§ **STORED DATA**
__________

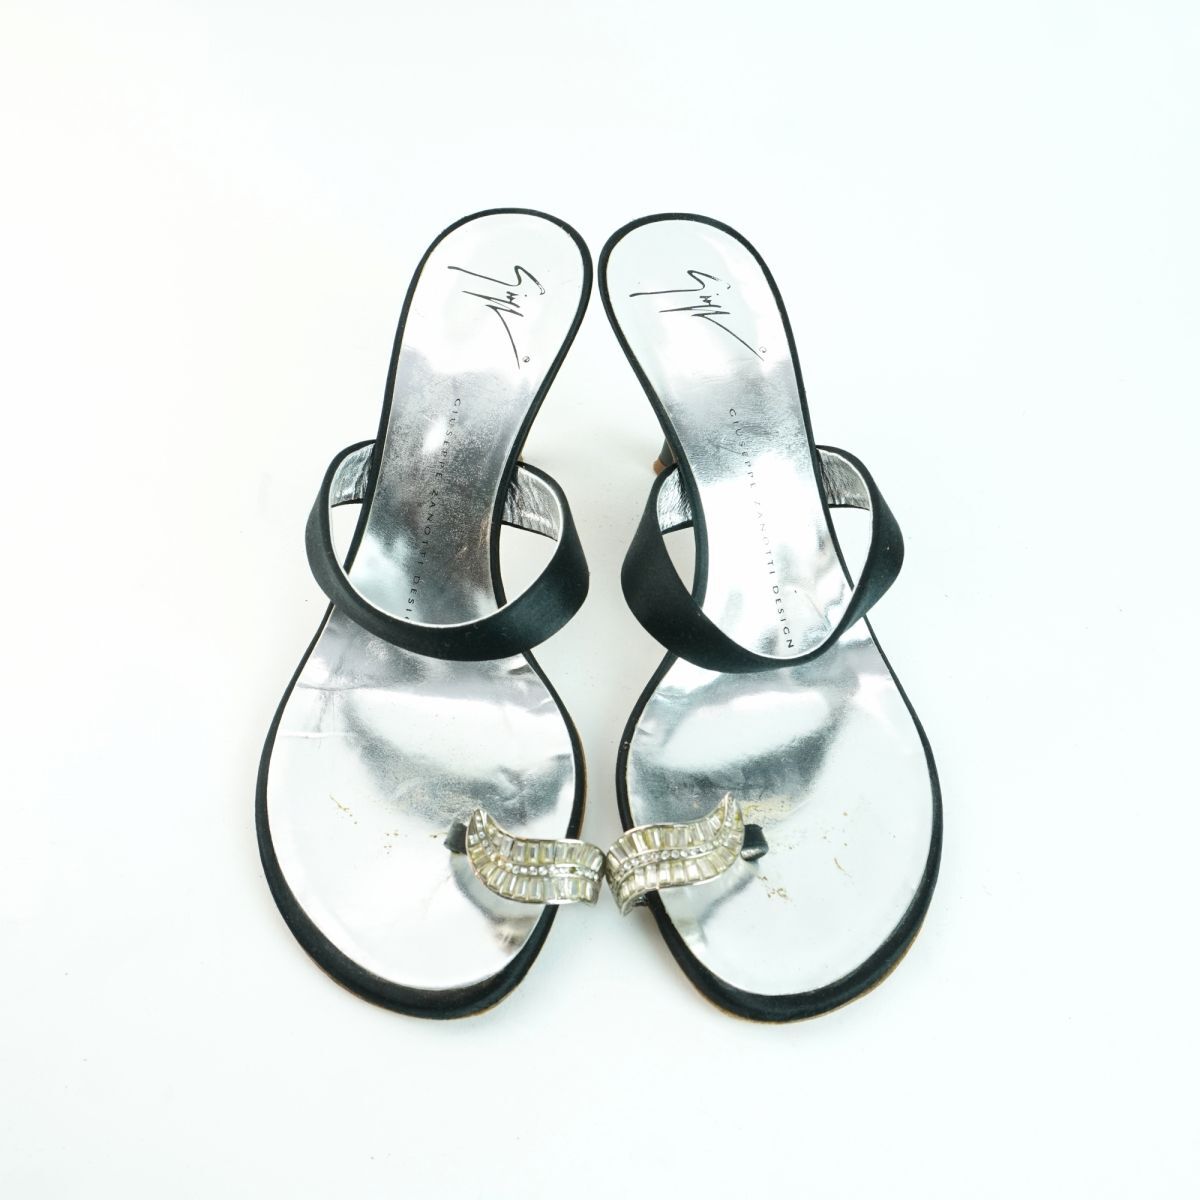 Giuseppe Zanotti Design Giuseppe Zanotti 38 24.5 сандалии Италия производства каблук цветной камень чёрный черный серебряный /NC68
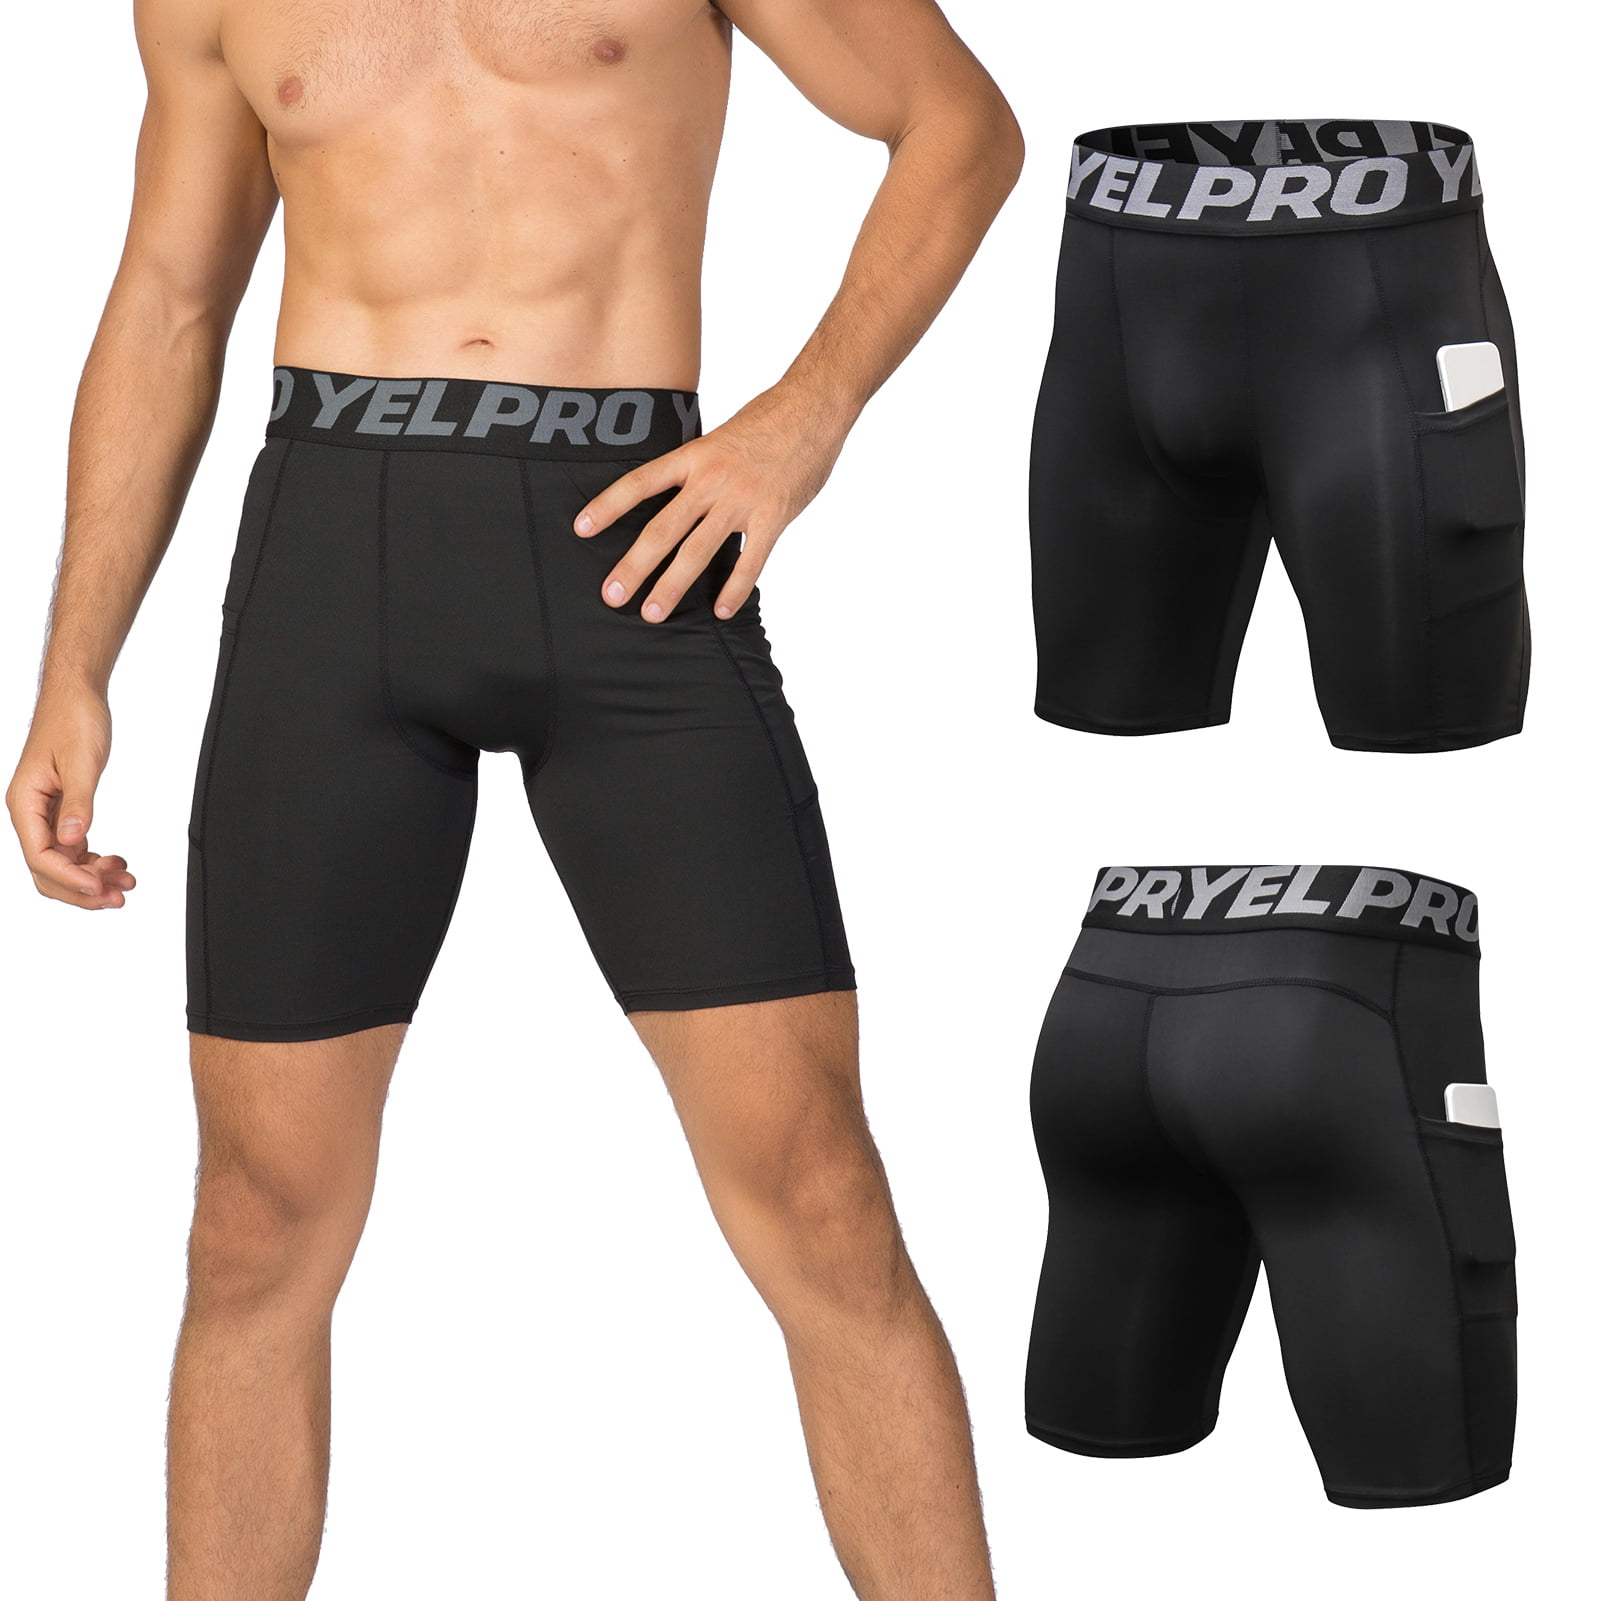 HVASITOP 3 Pack Men Compression Shorts Active Workout Underwear with Pocket 
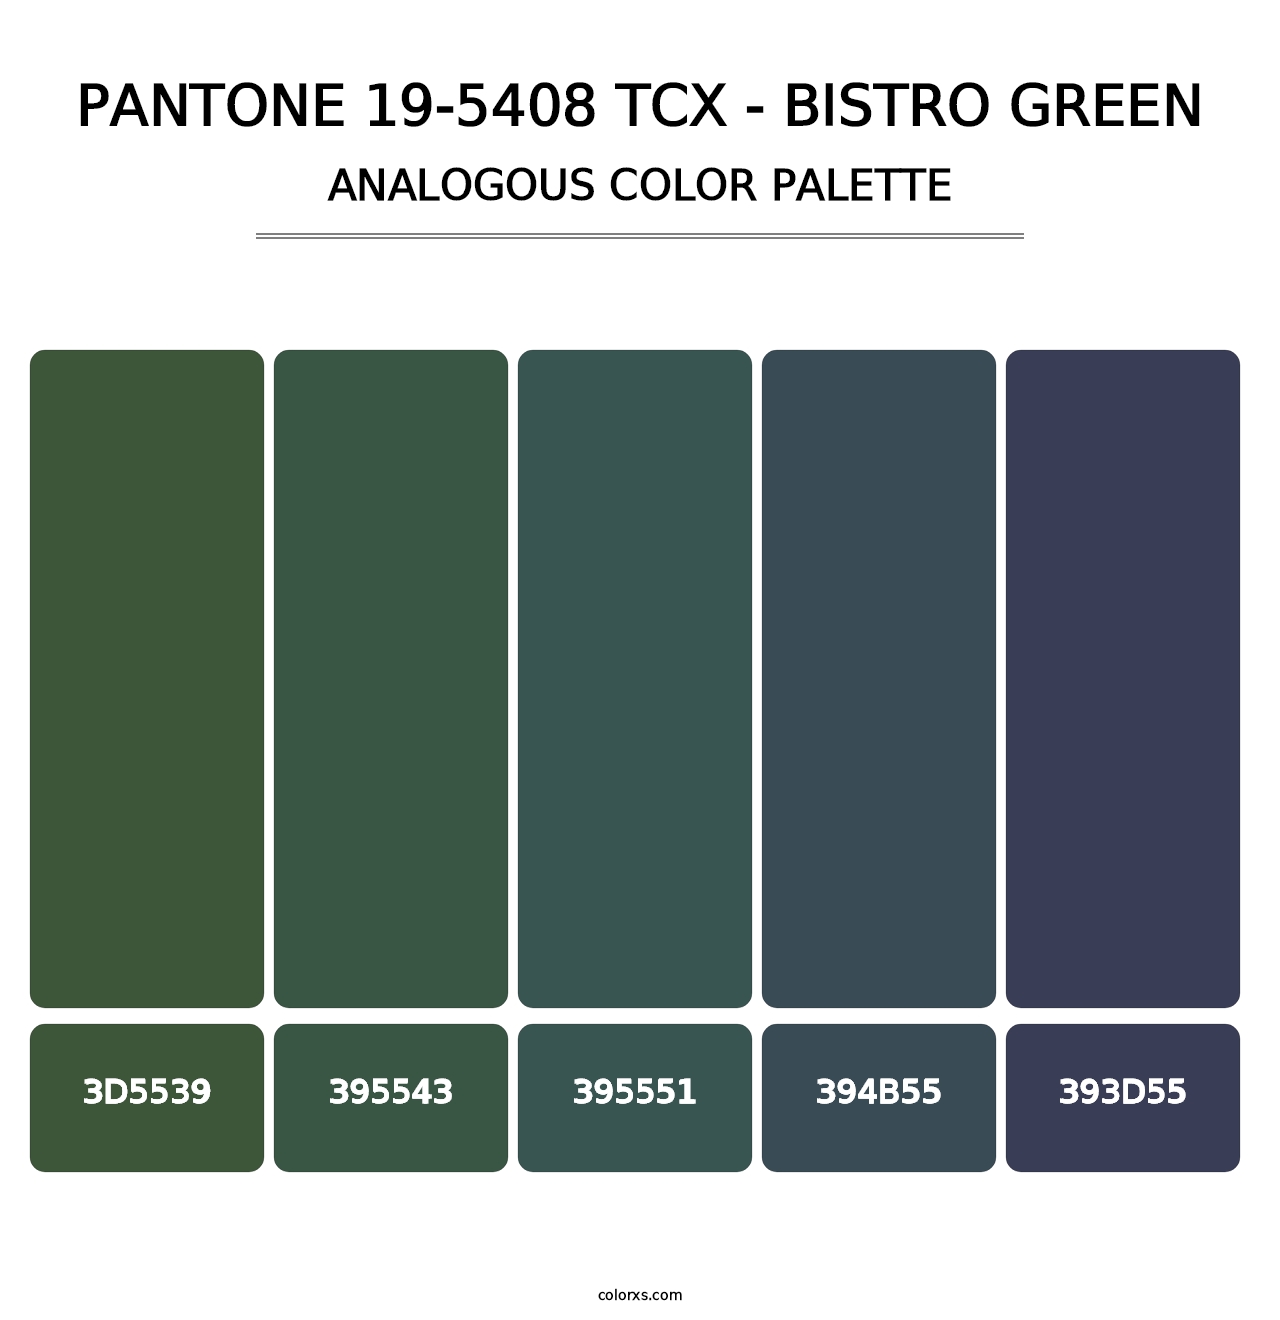 PANTONE 19-5408 TCX - Bistro Green - Analogous Color Palette

__________

§ **WORK ITEM**
Go through the data above and transcribe it in full, omitting any image.

§ **EXERCISE OUTPUT**
 Giuseppe Zanotti Design Giuseppe Zanotti 38 24.5 сандалии Италия производства каблук цветной камень чёрный черный серебряный /NC68
 HVASITOP 3 Pack Men Compression Shorts Active Workout Underwear with Pocket 
 PANTONE 19-5408 TCX - Bistro Green - Analogous Color Palette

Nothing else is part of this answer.